- Born: Tynnetta Alethea Nelson 10 May 1941 Detroit, Michigan, U.S.
- Died: 16 February 2015 (aged 73)
- Resting place: Westlawn Cemetery, Detroit
- Occupations: writer; activist; composer
- Years active: c.1960–2015
- Notable work: The Comer by Night

= Tynnetta Muhammad =

Wife of Elijah Muhammad

Tynnetta Muhammad (10 May 1941 – 16 February 2015) was an American writer. In the 1960s, she wrote articles and columns for the Nation of Islam (NOI) newsletter Muhammad Speaks. She was one of Elijah Muhammad’s four wives and mother of four of his children.

After Louis Farrakhan revived the NOI, she wrote the weekly column of NOI theology and numerology, Unveiling the Number 19, in The Final Call. She was regularly referred to as "Mother Tynnetta Muhammad" in the movement; she is considered one of the "Mothers of the Faithful."

==Early life and education==
Born Tynnetta Alethea Nelson, she grew up in Detroit. After her conversion to the NOI in 1958, she worked as a secretary for Elijah Muhammad. Under the name Tynnetta Deanar she wrote for the Women in Islam column in Muhammad Speaks. In some publications her first name is spelled "Tynetta".

==Family==
She gave birth to four of his children; Madeeah, Ishmael, Rasul, and Ahmad.

==Ideology==

===In Muhammad Speaks===
In the 1960s, Tynnetta wrote regularly in Muhammad Speaks on women's issues, and teaching about modesty and value of virtue. She concentrated on the subjects of proper deportment, dress and behavior of a female Muslim. She emphasized modest attire and cautioned "the Black Woman" to put away "the short western style of dress and social habits." She also stated that "the white woman" apparently "does not feel the sense of modesty in the strict manner of her darker associates".
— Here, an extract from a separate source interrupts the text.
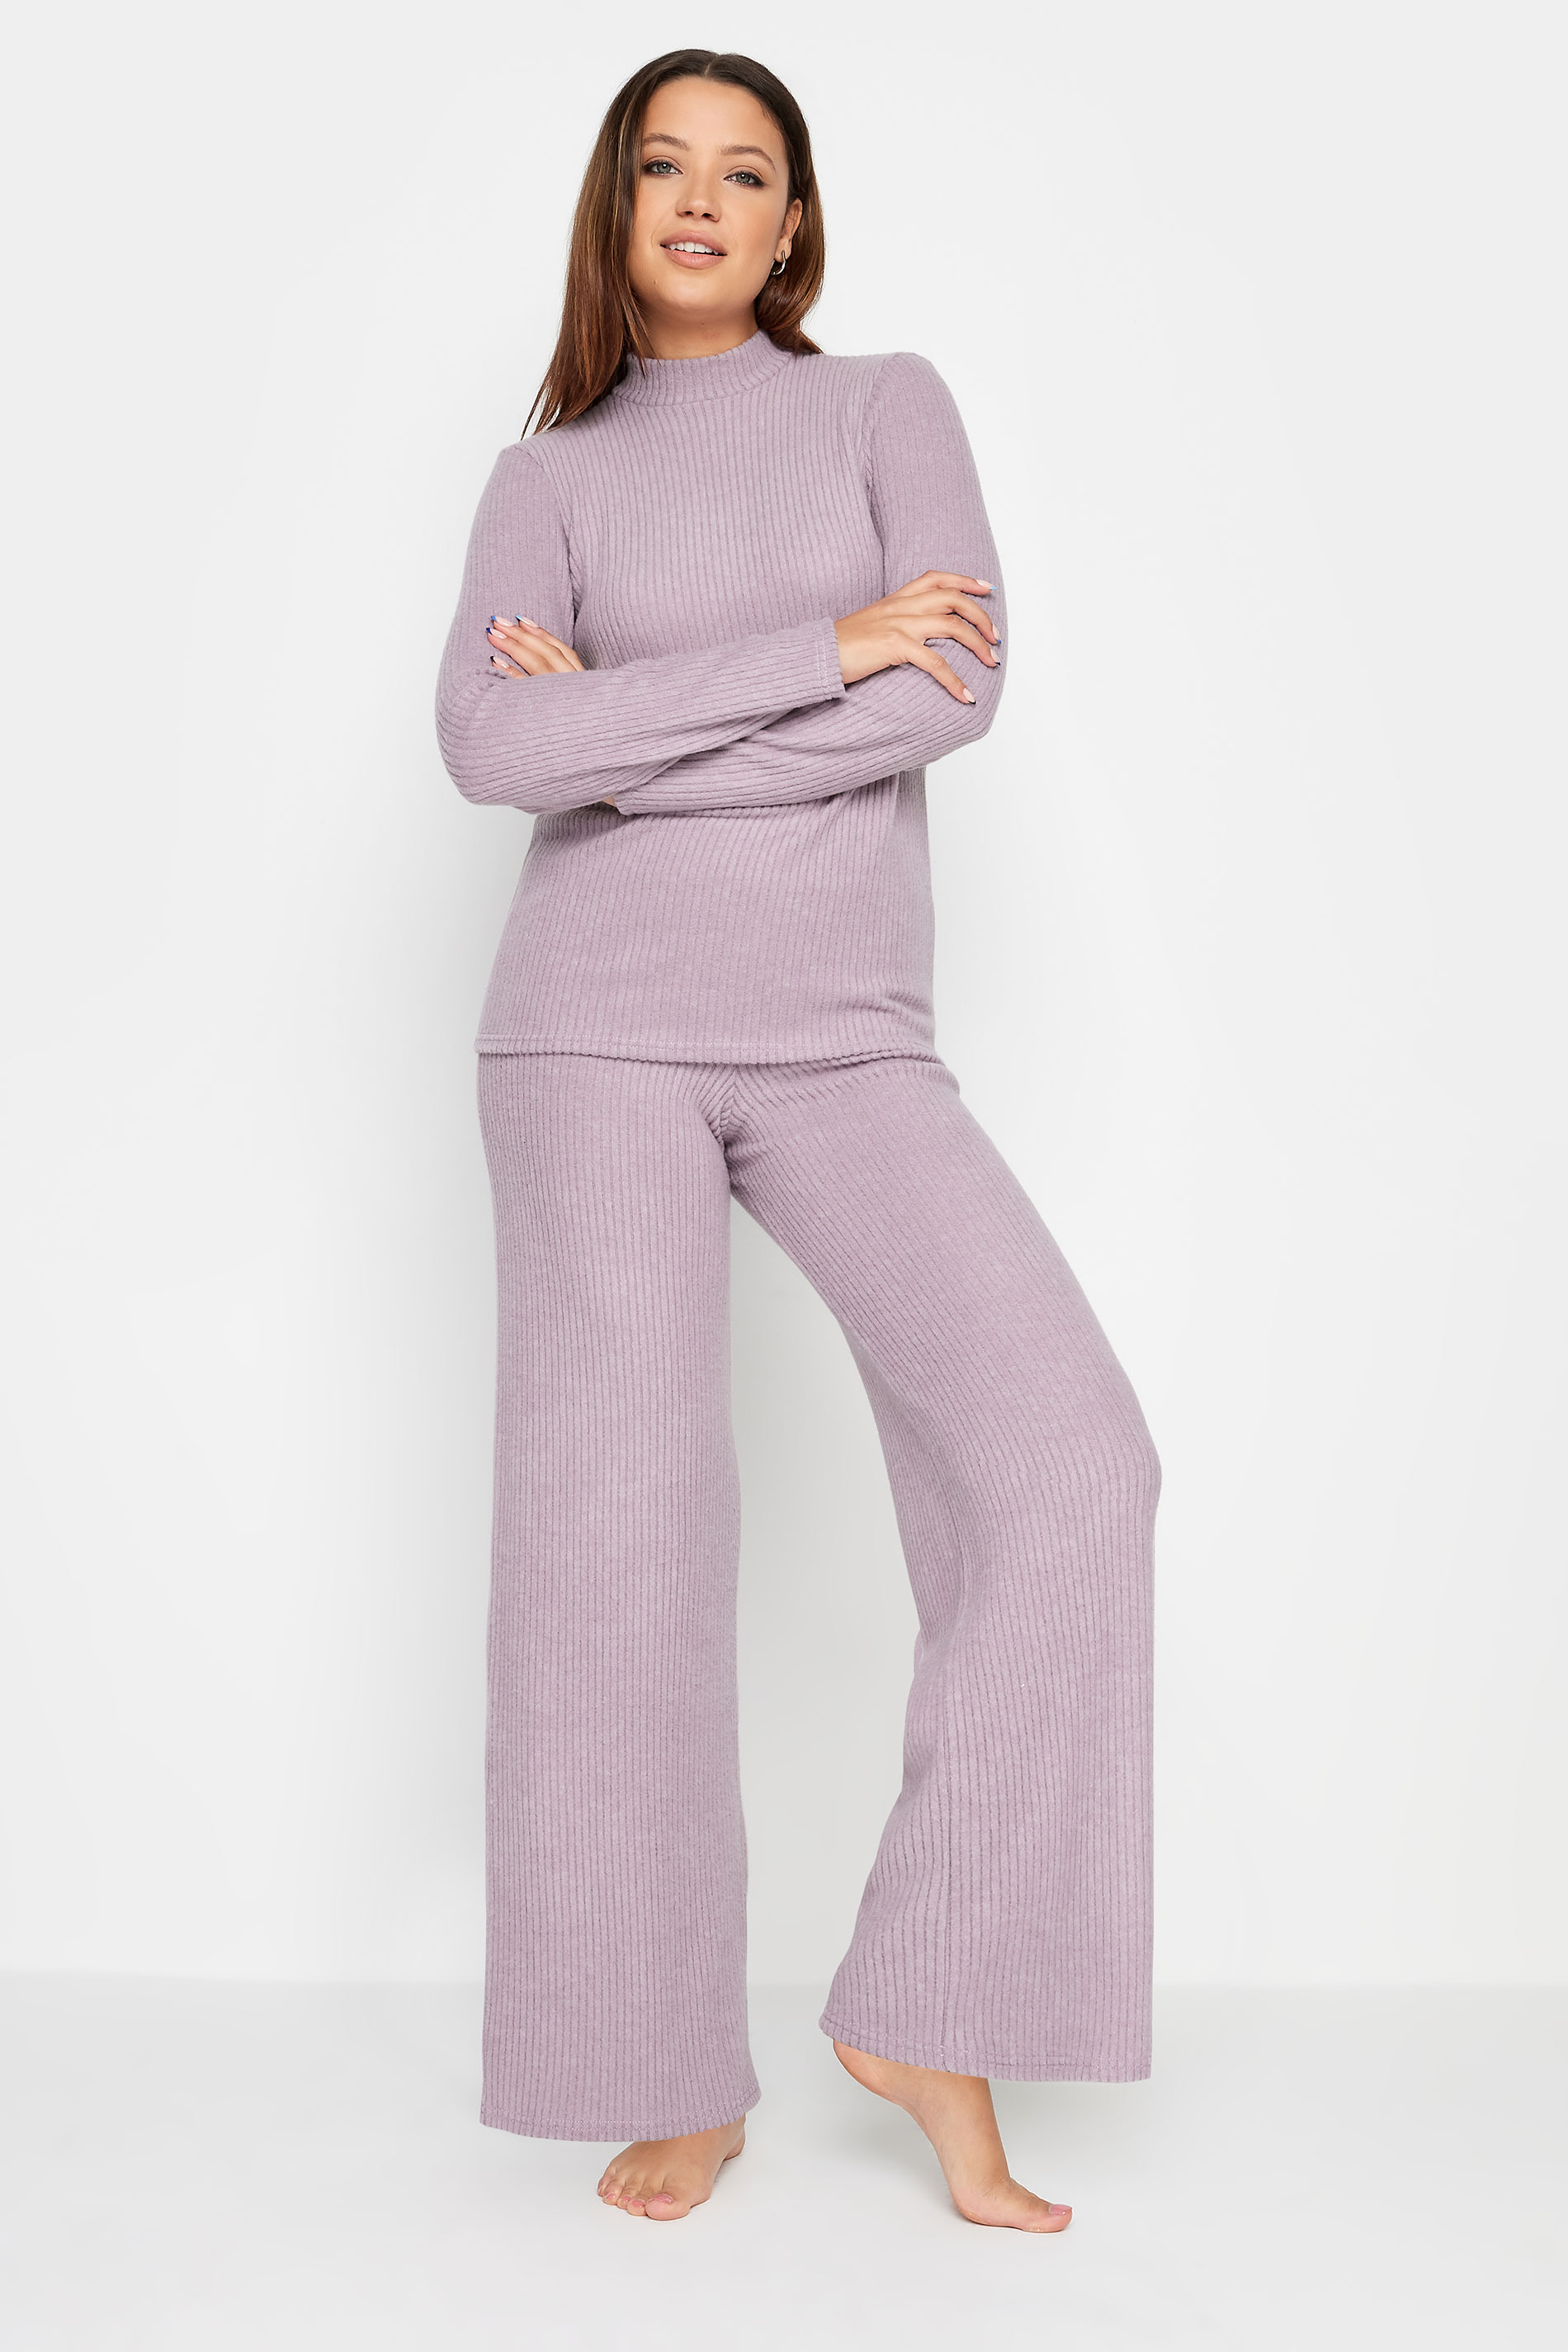 LTS Tall Pink High Neck Knitted Top | Long Tall Sally  2

In addition to her women's column she wrote articles quoting Biblical and Quranic passages to affirm Muhammad's prophetic status. She defended black separatism on the grounds that "as all bona fide divine spokesmen of the past, the Honorable Elijah Muhammad is carrying out the divine work of separating our people from the nation and people responsible for our captivity."

===In The Final Call===
After departure of Elijah Muhammad in 1975, Tynnetta rejected the reforms of his son Warith Deen Muhammad and sided with Louis Farrakhan's faction, becoming one of his earliest supporters. She praised Farrakhan as a great visionary and as the modern equivalent of John of Patmos. In her writings in the 1980s and 1990s, she became increasingly preoccupied with The Wheel sightings and a supposed forthcoming apocalypse, predicted by Elijah Muhammad, in which a "Mother Plane" from space would destroy the white race. She predicted this event using numerological analyses based on the sacred number 19, an idea derived from Rashad Khalifa.

She stated that the UFO was seen after the 1986 bombing of Tripoli. She also argued that the Space Shuttle Challenger disaster in the same year was divine punishment delivered on the USA, because "the aim and purpose of America's Space Program beginning in the 1960s with the landing on the Moon in 1969, was to prepare for war against the Great Mother Ship and its companion wheels harnessing an entire New Civilization and an Advanced Technology that is not of this world."

Her predictions were most fully communicated in her magnum opus entitled The Comer by Night in 1986, in which she asserts that Elijah Muhammad is still alive, living in a "space craft".

By the early 1990s she was arguing that it would be "the final decade" before the apocalypse, which would occur in 2001. The September 11 terrorist attacks, came to be viewed by some as confirmation of her predictions, with Muhammed herself claiming the destruction of the World Trade Center was accompanied by UFO manifestations.

Tynnetta Muhammad continued to support Farrakhan's vision for the Nation of Islam until her death on 16 February 2015.